Doch diese Annahme geht offensichtlich an der Wirklichkeit vorbei. Denn wie aus einer der letzten Pressemeldungen des Jahres 2014 hervor gegangen ist, hat das Smartphone als Statussymbol der meisten Jugendlichen das Auto längst auf der Überholspur passiert. Ein Handy mit möglichst vielen Aktivitäten und Web-Möglichkeiten ist dem heranwachsenden Kommunikator offensichtlich wichtiger als ein Fahrzeug dem zukünftigen Mobilitäts-Teilnehmer. Oder, um es etwas einfacher aber hoffentlich treffend zu formulieren: smsen geht vor Gas geben! Und das gilt nicht nur für den Besitz eines eigenen Fahrzeugs.Denn immer weniger junge Menschen, so teilte die Bundesvereinigung der Fahrlehrerverbände (BVF), am vorletzten Tag des abgelaufenen Jahres mit, machen möglichst früh ihren Führerschein. Das dafür notwendige „Kleingeld“ wird viel lieber in den Besitz eines Multitasking-Smartphones investiert. Der Trend sei vor allem in Großstädten ersichtlich, wo man auch mit dem öffentlichen Personennahverkehr (ÖPNV) oder auch mal – wenn es denn nicht anders geht – mit dem „Taxi Mama“ von Punkt A nach B gelangen kann. Nur noch jeder fünfte Jugendliche lege die Fahrprüfung bereits mit 17 Jahren ab.Inzwischen werde laut der zitierten Pressemitteilung „die Abdeckung mit 90 Prozent pro Jahrgang bis zu sechs Jahren später und somit erst im Alter von 23 oder 24 erreicht“. Ähnliche Beobachtungen hätten auch Bundesverband Deutscher Fahrschulunternehmen (BDFU) und das Kraftfahrtbundesamt (KBA) gemacht. Das viel zitierte „breiter, tiefer, schneller“ vorwiegend bei älteren Kompaktfahrzeugen habe als Statussymbol vor allem bei jungen Männern längst nicht mehr „die Lizenz zum protzen“ früherer Jahre. Heute sei man vielmehr „in“, wenn das neueste iPhone oder ein entsprechendes Konkurrenz-Produkt in der Hosentasche stecke, bzw. oder im Café oder in der Disco auf dem Tisch liege.

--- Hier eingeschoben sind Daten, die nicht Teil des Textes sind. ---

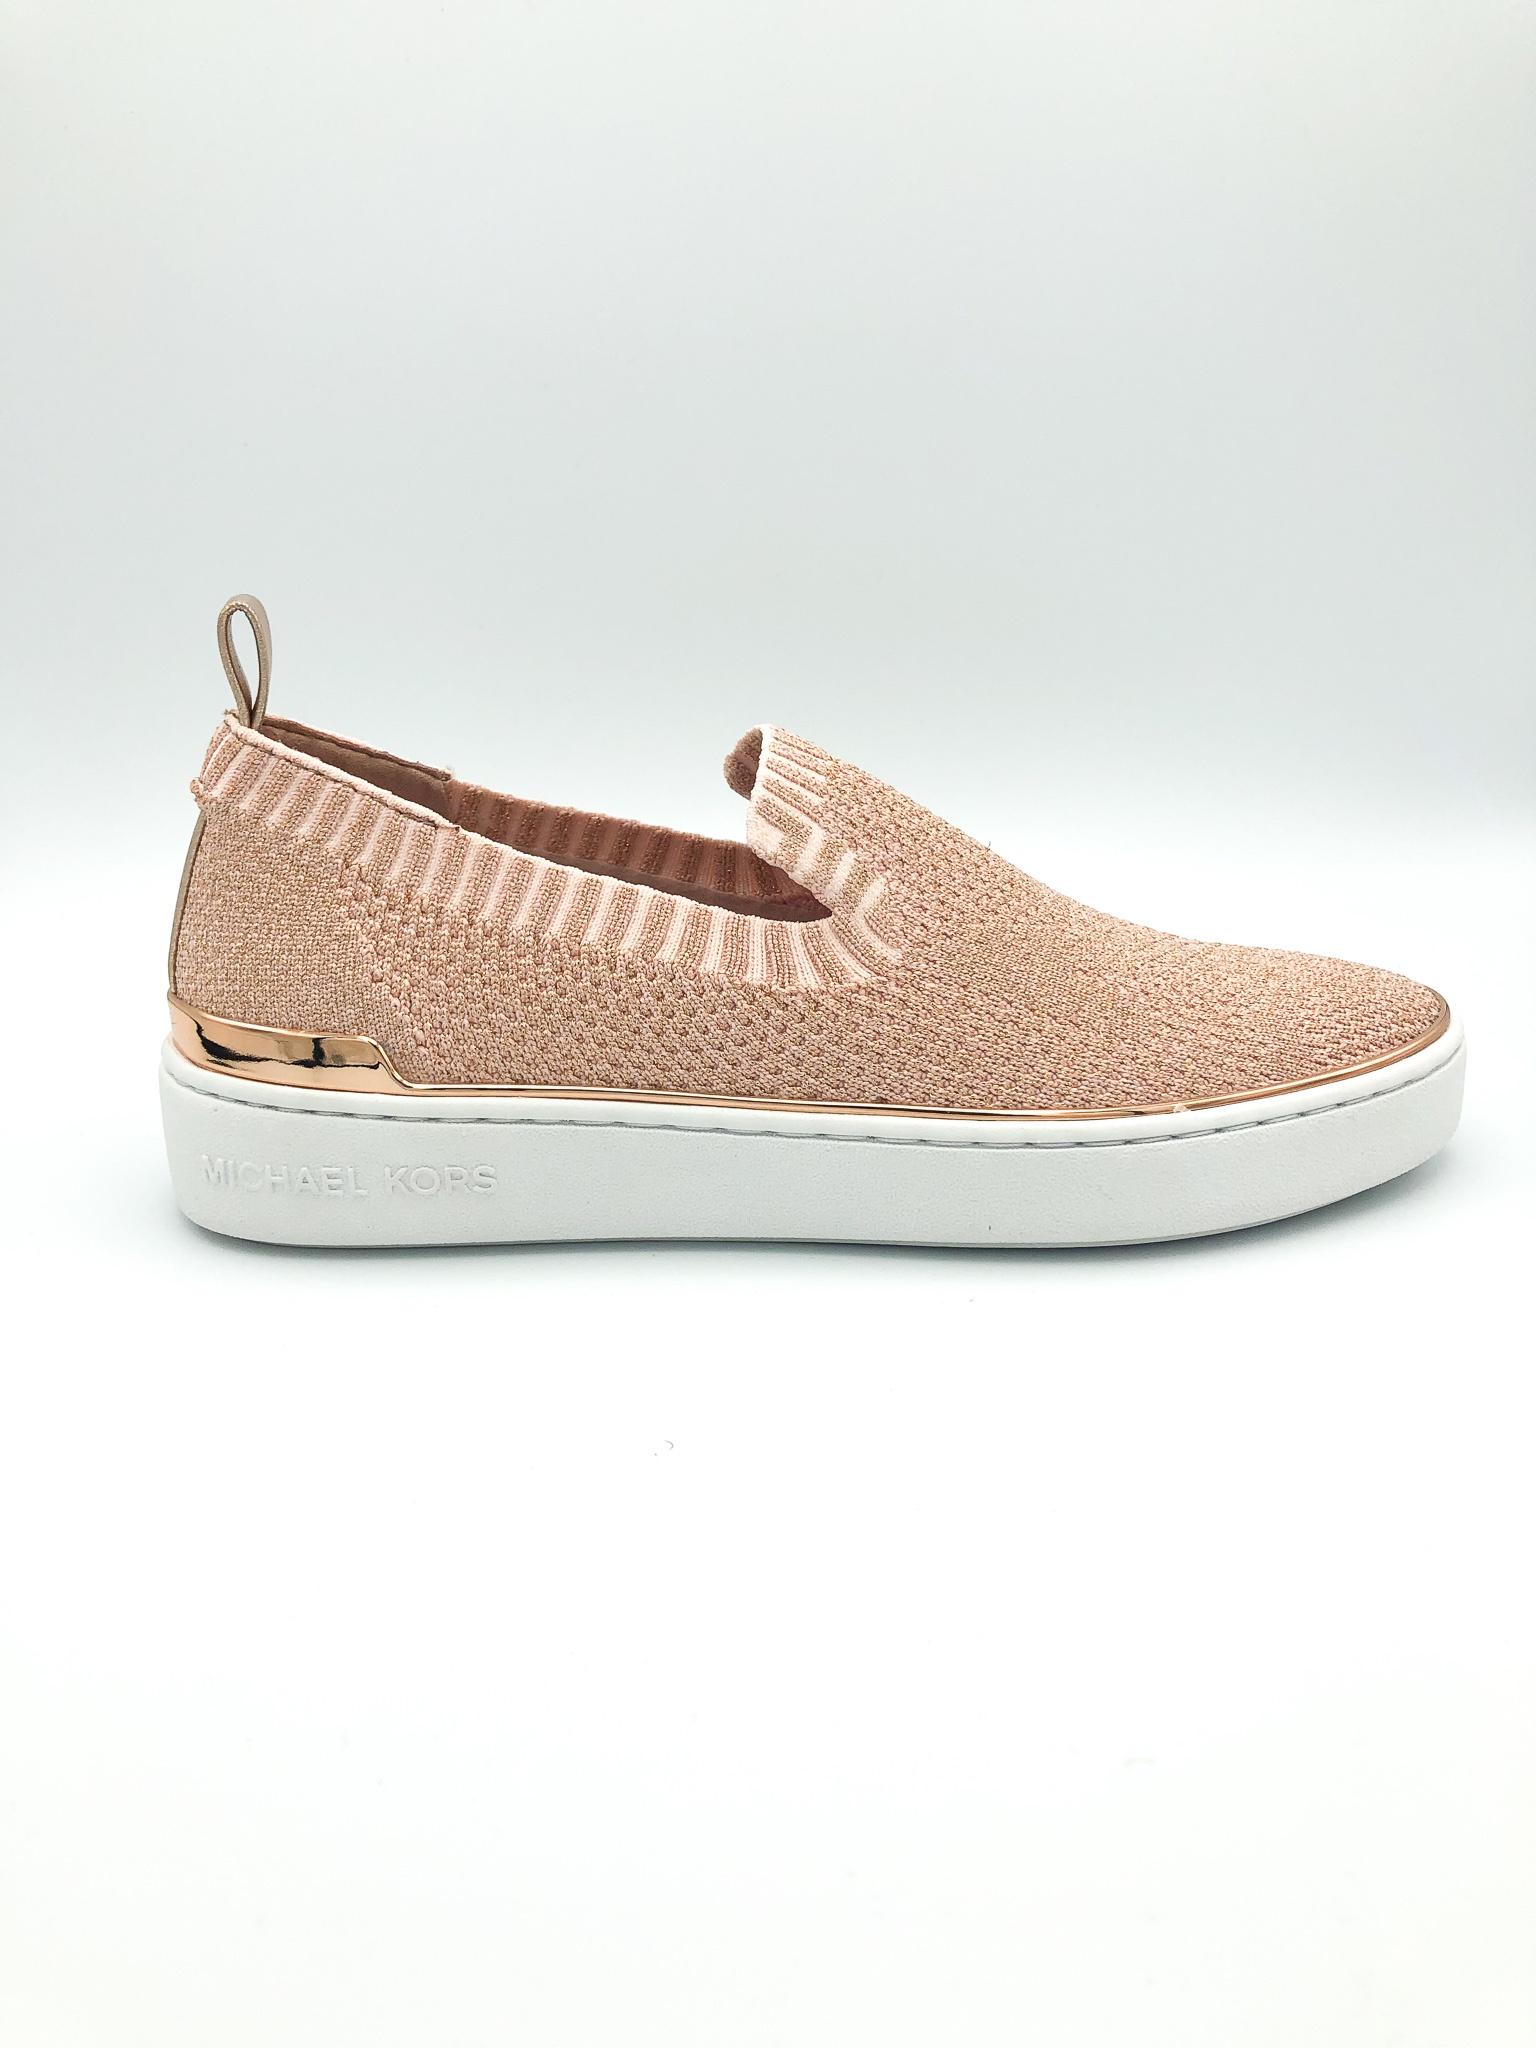 d8a93b065 MICHAEL KORS - SKYLER SLIP ON IN ROSE GOLD - the Urban Shoe Myth

Eine Meldung, liebe Leserinnen und Leser, die mich zum Jahres-Ausklang ziemlich in Erstaunen versetzt hat. Das gebe ich gerne zu. Noch vor wenigen Wochen hatte ich bei der Essen Motor Show erlebt, wie junge Menschen ihre emotionale Bindung zum Thema Automobil auf dem Welt-Tuninggipfel mit Begeisterung ausgelebt hatten. Und dann diese Statistik die meine Beobachtungen in Essen offensichtlich ad absurdum führte.
Aber, und das ist vielleicht das Tröstliche daran: Es wird nicht die einzige Überraschung des neuen Jahres 2015 bleiben.
Ich wünsche Ihnen ein angenehmes Wochenende.